Everything I did and learned during the school year was all well and good, but in the three hottest months of the year, I became who I am. At 5 years old, I walked over to the park by my nana’s house with my sister and cousins. For years they’d been attending the free summer playground program, where counselors and their volunteers spent their summer playing games and and creating a fun atmosphere for the kids of Beverly. I had been too young to go, and at five I was still one year away, but still, I was shipped off with the crew. This is the first summer I remember.
For the next seven years, this was my life. Every May when the snow was melted and heat crept in, we’d count the days until park started again. We strategized about who our counselors this summer would be, and how we would prove to them that we ruled the park. Once park started, the marathon began. We’d spend hours creating alliances in dodgeball, and practicing our poker faces during games of Mafia and Black Magic. We’d make the best of every situation. Torrential rain? Sure, lets make a water park out of the play structure. A hawk stole one kid’s action figure? Let’s make him our park mascot, Hawkman. We’d create these personalities, these realities that anyone who didn’t go to a Bev Rec program just wouldn’t understand.
One thing especially: Lip Sync. As a wise sensei once said on the topic of Lip Sync, “Love plus hate equals obsession." Oh how true. As soon as the weeks drew closer to the best night of the year, parks and camps across Beverly would begin the grueling hard work of creating a visual masterpiece to be remembered for ages. Whether it was a Oompa-Loompa and Willy Wonka extravaganza or a musical medley of Queen songs, we put our hearts and souls into the choreography, the props and the costumes until it all came down to one night.

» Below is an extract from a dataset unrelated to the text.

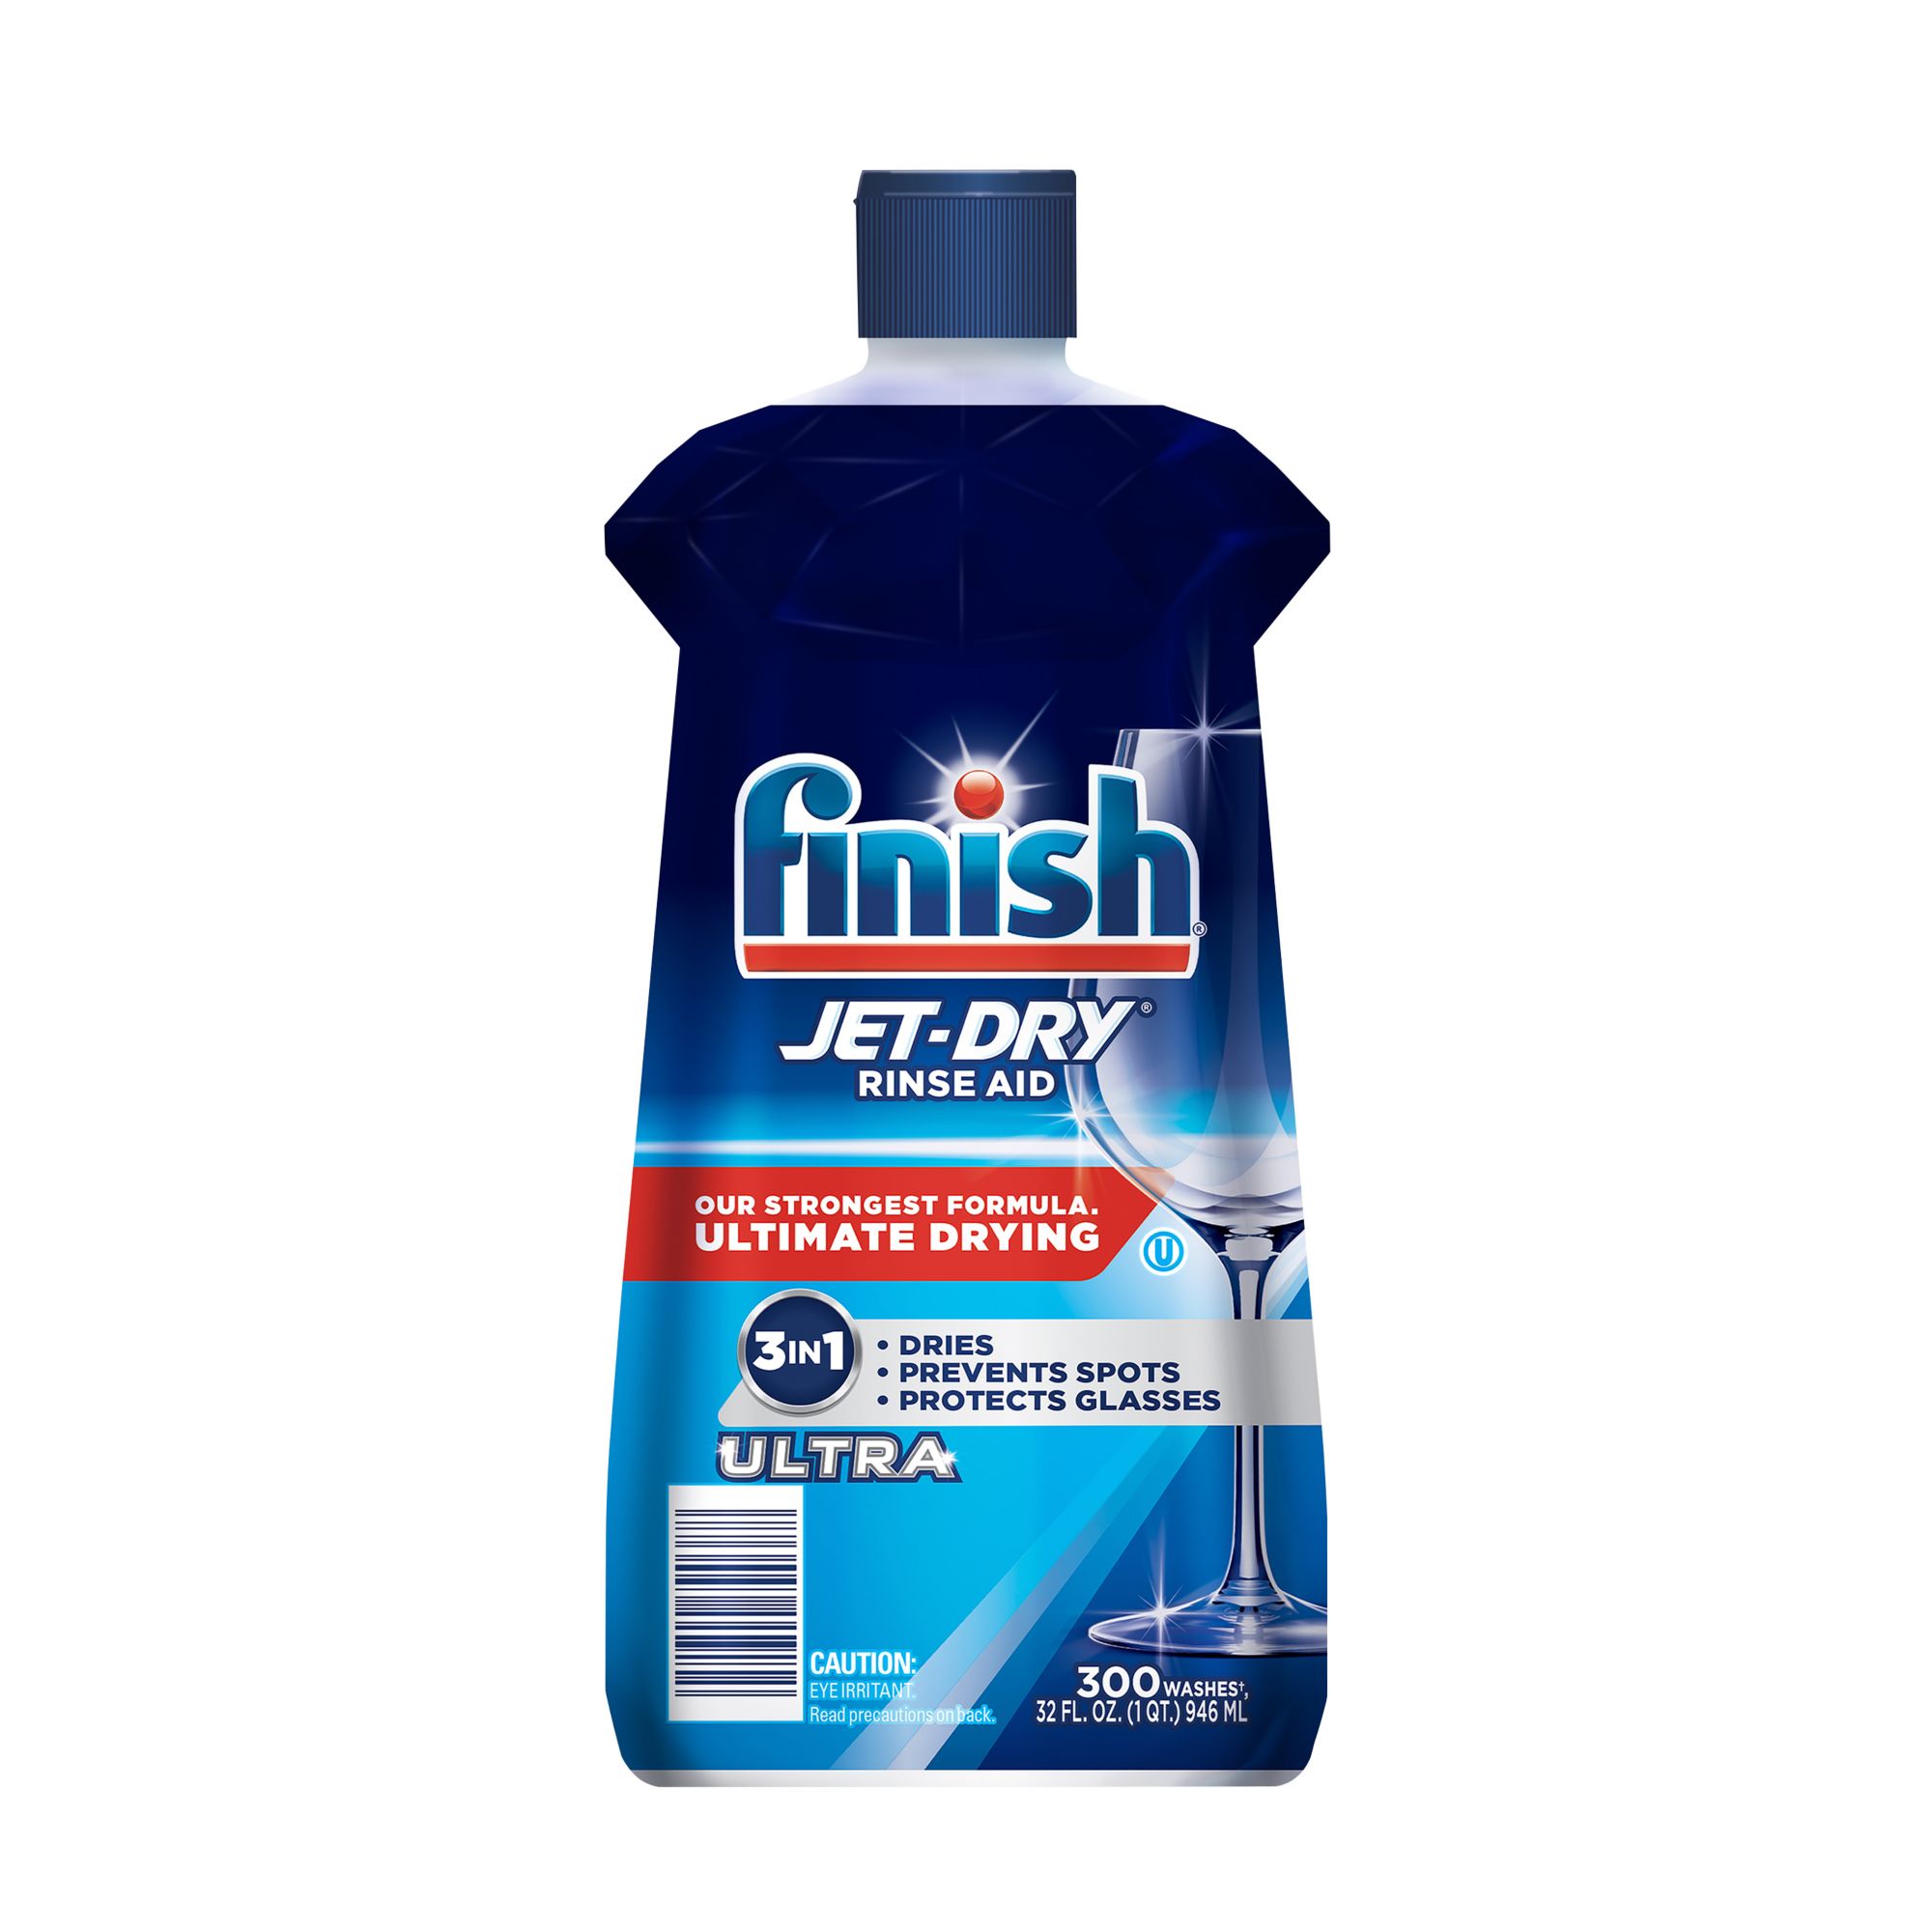 Finish Jet-dry, Rinse Agent Liquid, Ounce Blue 32 Fl Oz (Packaging May  Vary), Citrus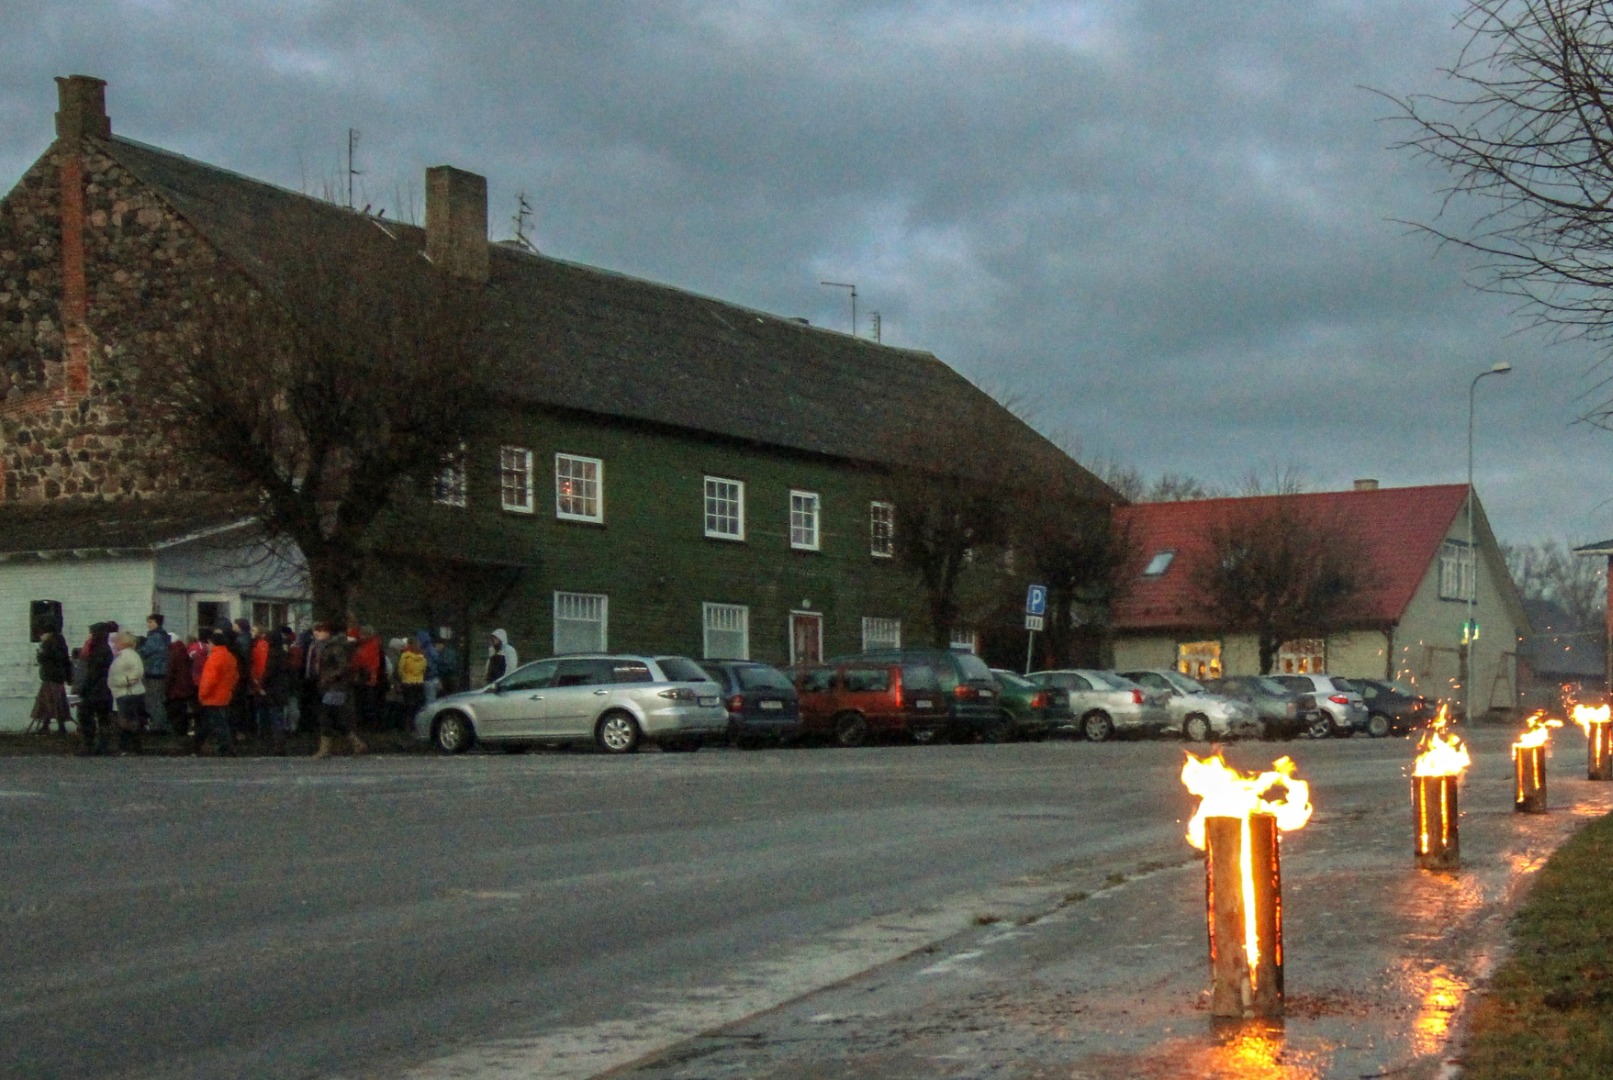 Trucks in Suur-Jaanis in front of Kösti's house, in front of Ford TT rephoto

And whether we won or lost (which was mostly what happened), we set out with a vision for victory next summer.
As the weeks drew to a close and kids across the city were haunted by back to school ads and unfinished summer reading, we were able to hold onto the last precious days of freedom, playing woodchips, kickball and zombie tag with our summer family who, pretty soon, we wouldn't see for a whole other year. And then as soon as we were back sitting in those school desks in September, we’d already be dreaming about next summer.
I lived that carefree lifestyle for several summers. Days of park games and afternoons in the pool. And once I got too old to actually be in the program, I did what many other park rats did: I became a counselor. With the motto “For The Kids," I got to see so many kids have the best summer ever. Like the girl whose family was in India and didn’t know much about life here, but did know how to have a great time at park. Or the kids from the poorer areas who, for four hours a day, got have fun like every other kid in Beverly. And the kids like me, who really lived for park and just wanted to be as wacky and weird as their counselors.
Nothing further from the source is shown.